Provenance & disclosure·Cohorts
Collections
Collections organise candidates, hypotheses, experiments, papers, and provenance into coherent research cohorts. They are scientific operating units, not just lists.
Collection exists today as a deployed RecordType on the Protean Ledger. Off-chain collection manifests still exist as supplemental packaging for review and mirror publication, but the current canonical public object is a Ledger Collection record linked by typed Includes edges.
What collections are for
- benchmark sets
- assay cohorts
- experiment batches
- validation groups
- exploration branches
- public full-sequence releases
Lifecycle
private
-> internal review
-> assay pending
-> assay active
-> public reviewed
-> public full
-> archivedMost collection preparation remains private or under internal review before Ledger submission. Public collections expose membership, candidate/family sequences, lifecycle state, disclosure state, and typed lineage. Supplemental manifests pass through the publication guard before mirror publication.

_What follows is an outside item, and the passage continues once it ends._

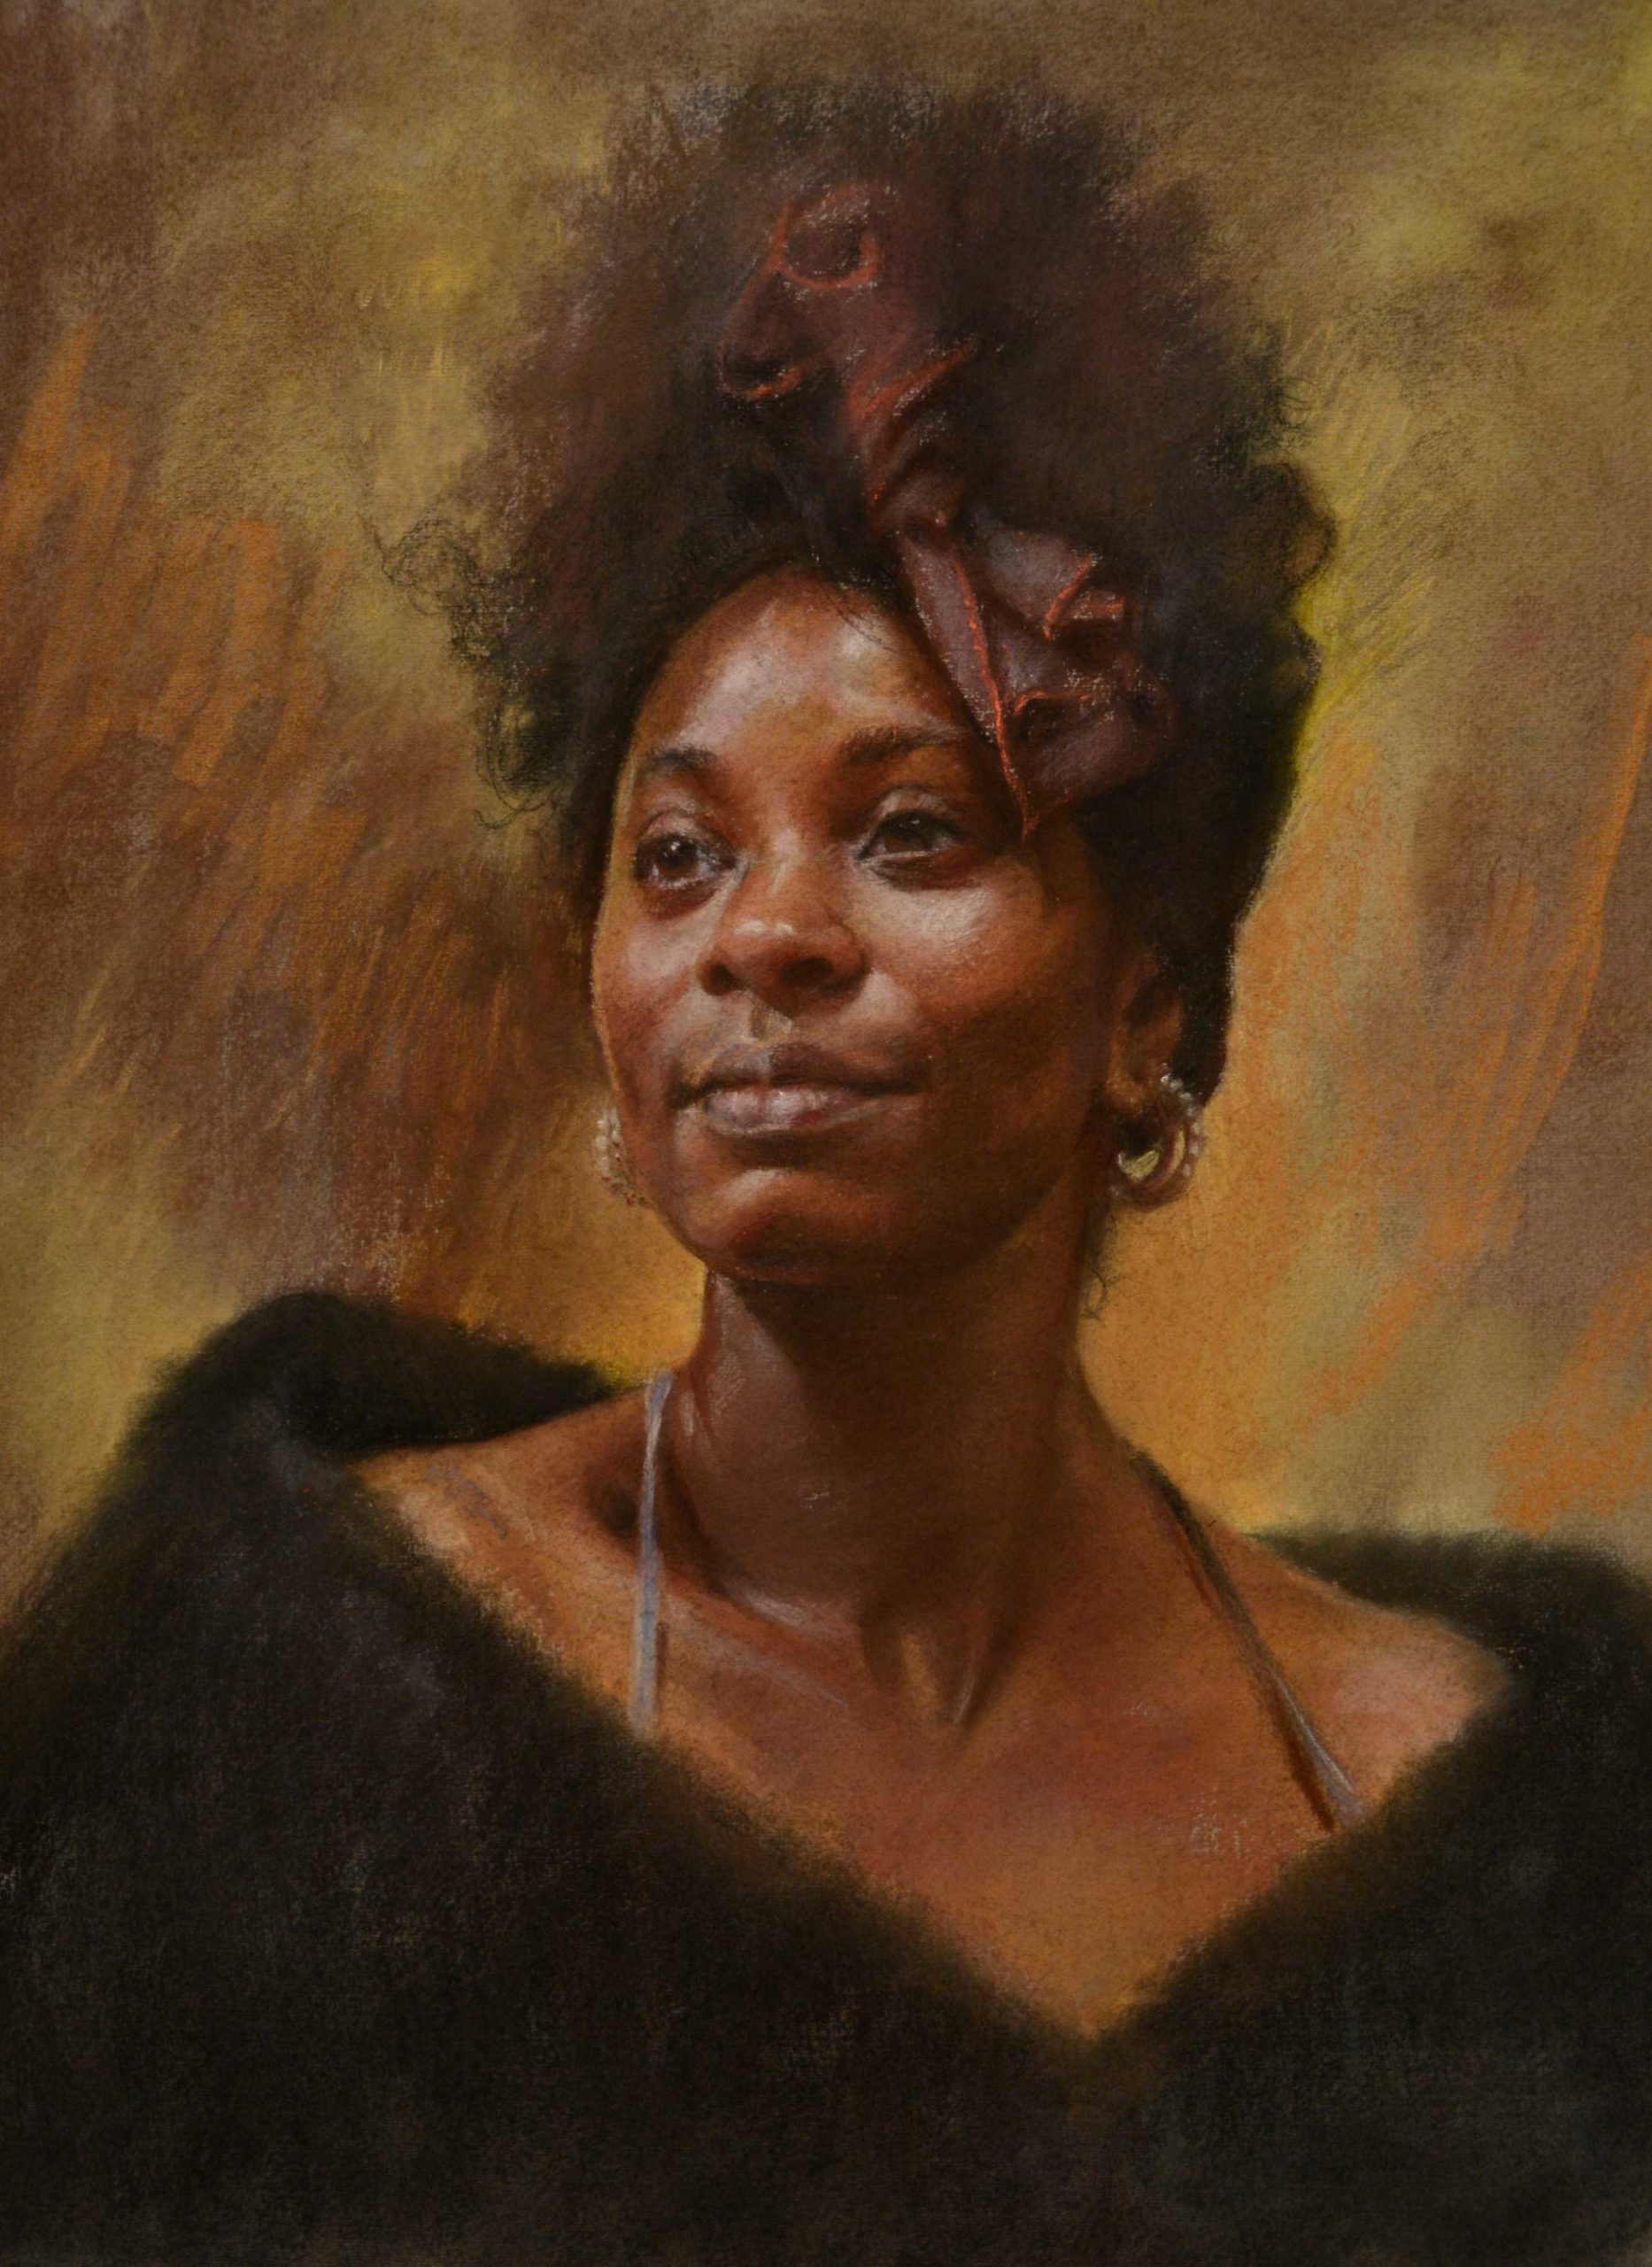 Lenin Delsol, “Black and Gold,” Pastel, 24 x 19 in.

Collections as scientific operating units
Collections let the runtime reason about groups, not just individual candidates. They bind candidate families, evidence traces, assay readiness, Ledger records, and review state without exposing private payloads. Collections support wet-lab batch planning, failure-memory studies, exploration branches, and public proof surfaces.
How they connect to the workflow
The canonical workflow DAG places update_collections after prepare_provenance, gated by the public_collection_redaction review gate. The active loop wires collection preparation after lineage and provenance stages where the relevant artifacts are available.
python3 pipelines/collection_system.py --build
python3 pipelines/collection_system.py --verifyCollection manifests are public-safe by construction: published sequences remain visible, while salts, local paths, embeddings, scoring weights, source traces, and wet-lab automation fields are excluded.